In countries such as Iceland and Scotland, the overwhelming majority — nearly all — pregnancies are ended when prenatal tests indicate the child has Down Syndrome. In England the rate is as high as 90%, and several mothers of children with Down Syndrome related to the BBC in 2020 just how often they were pressured to terminate their pregnancies. In the United States of America, a 2023 NLM/NIH study of data from the prior decade concluded “systematic review on published literature in the US has estimated that termination rates range from 67% to 85% among the overall population of individuals with a positive prenatal diagnosis of Down syndrome.”
This reality should shape the way that pro-natalists argue for the goodness of life. We may, after all, be on the cusp of a new pro-natalist moment: Pro-natalism has long been a concern of conservatives such as Ross Douthat, or Matthew Lee Anderson in his Oxford dissertation. Today, however, the economic implications of an aging global population with significantly declining birth rates worldwide have surprisingly led to pro-natalism becoming a concern for progressives also.
In many ways, the church should welcome and applaud this development. But a unique counter-testimony that the church is able to offer in this moment is that putatively ‘un-productive’ human life is of irreducible worth.

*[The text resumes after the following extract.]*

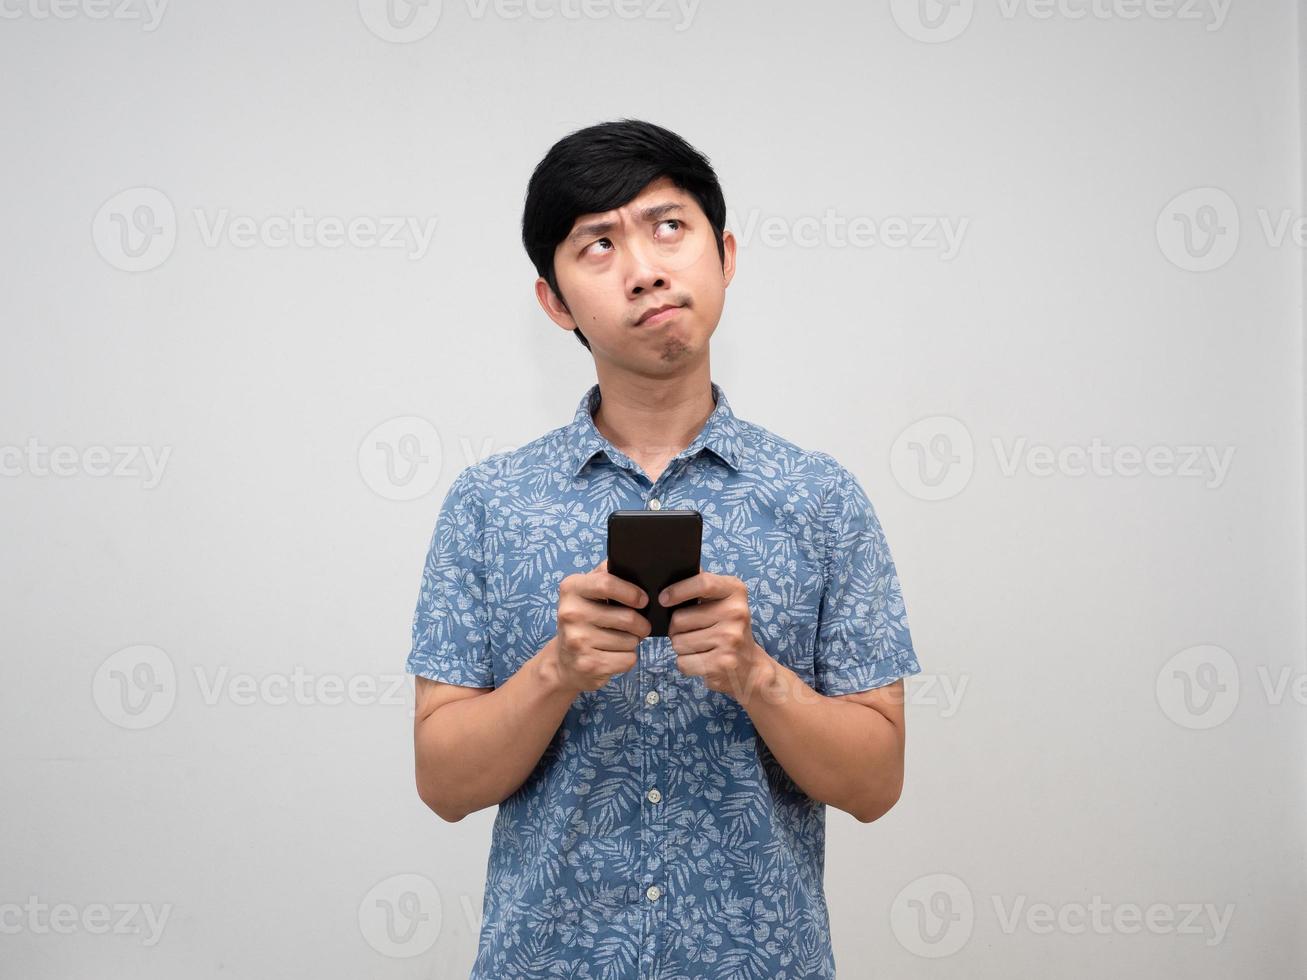 homme asiatique chemise bleue tenant un geste de téléphone portable pensant quelque chose et se sent confus isolé photo

Both in the ancient Greco-Roman world of the early Christian centuries, to the sanitized eugenics of modernity, the church’s vocation has been and will continue to be hospitality, even when it proves costly, towards those whom our broader pagan context regards as Lebensunwertes Leben, “life undeserving of life.”

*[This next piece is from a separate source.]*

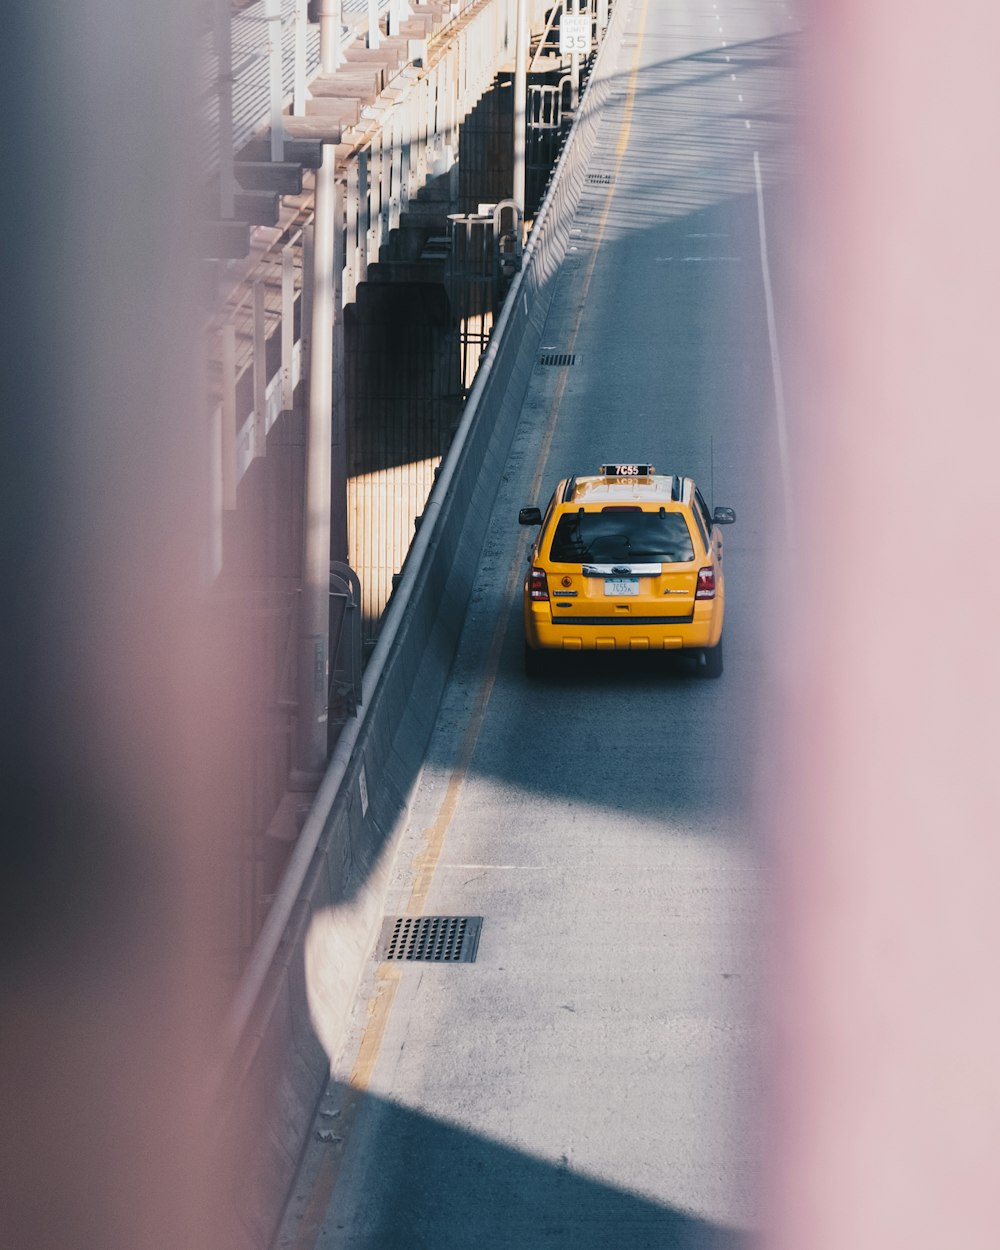 táxi amarelo na estrada

Sometimes, of course, people with significant physical or intellectual disabilities go on to accomplish remarkable things. Everyone should applaud their success. But there are also not a few people with such severe disabilities that they will scarcely live ‘productive’ lives in the crass materialism and totalizing economics of the globalized, neo-liberal order.

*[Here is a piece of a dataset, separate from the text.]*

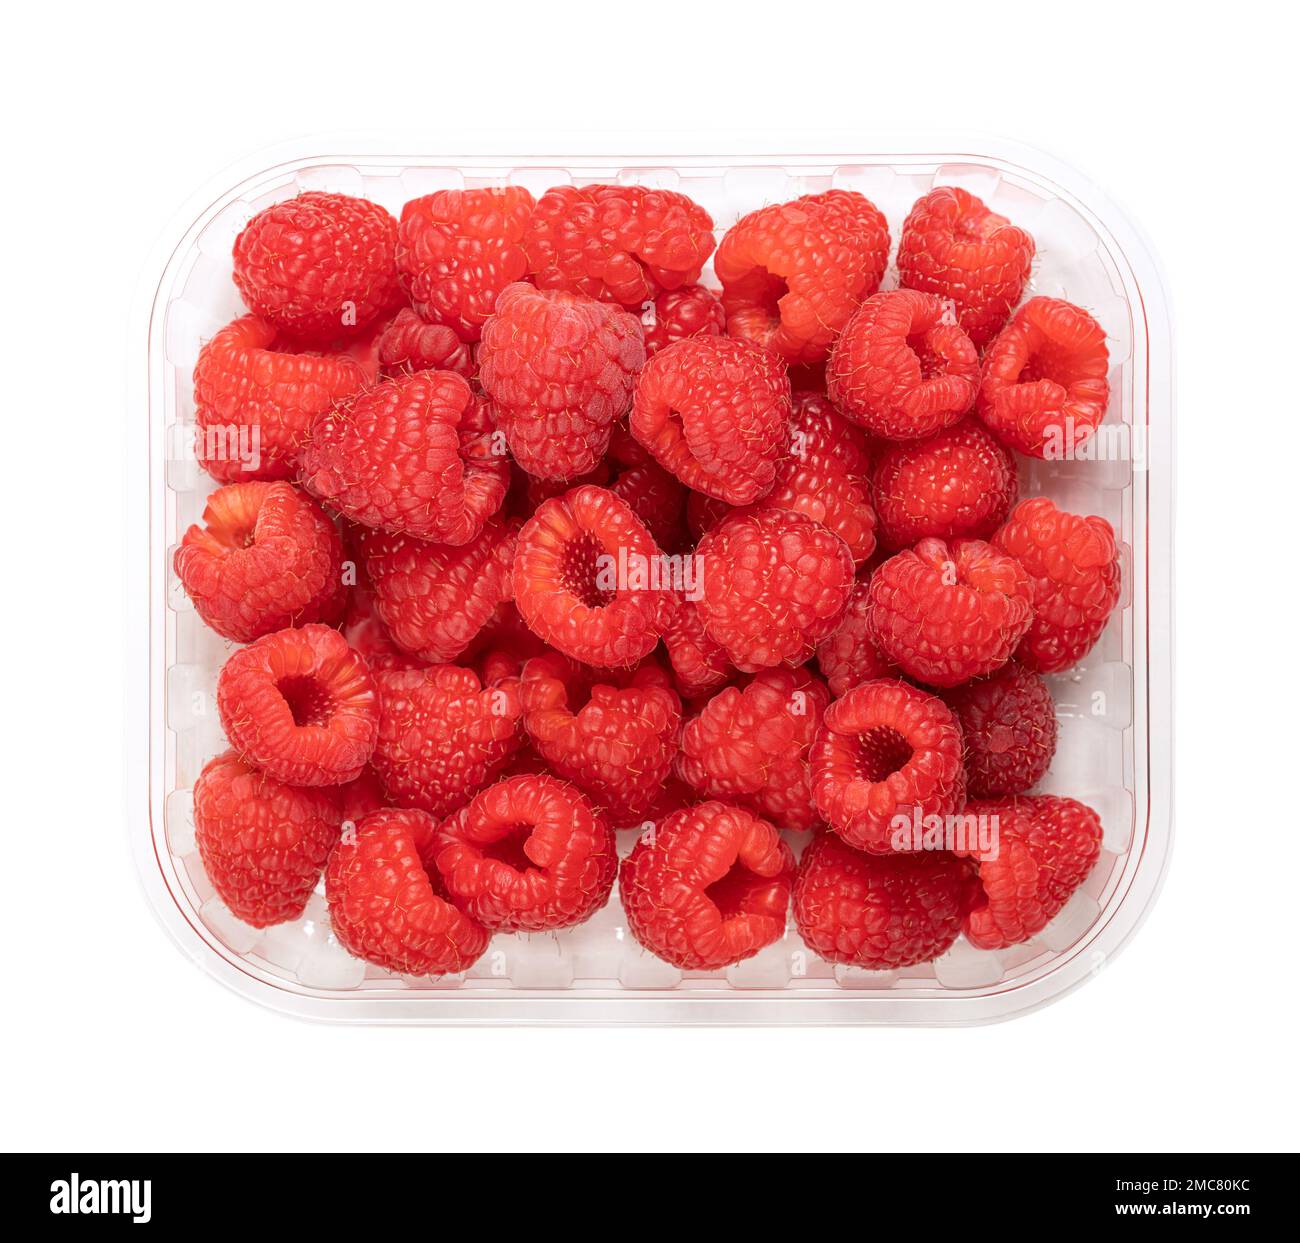 Ganz frische Himbeeren, in einer durchsichtigen Schale aus Kunststoff, von oben. Reife, rote und süße Früchte von Rubus idaeus, der kultivierten europäischen Himbeere. Stockfoto

Perhaps, even for these most severely disabled human beings, their distinctive vocation and gift, if we can receive it, is an embodied testimony that to be human is not to have the whole of our lives instrumentalized by post-industrial, robot-like productivity. These lives, with all the unique blessings and challenges they entail, precisely by being unproductive in the tyrannical gaze of today’s technocrats, echo our Lord’s dictum that “the Sabbath was made for man, not man for the Sabbath” (Mk 2:27).
But as those who worship a crucified and risen Messiah, we should be a vanguard of hospitality for human beings whose irreducible dignity, value, worth, and purpose is determined neither by accomplishment, nor the lack thereof, but by having the very same nature the eternal Son of God took to himself.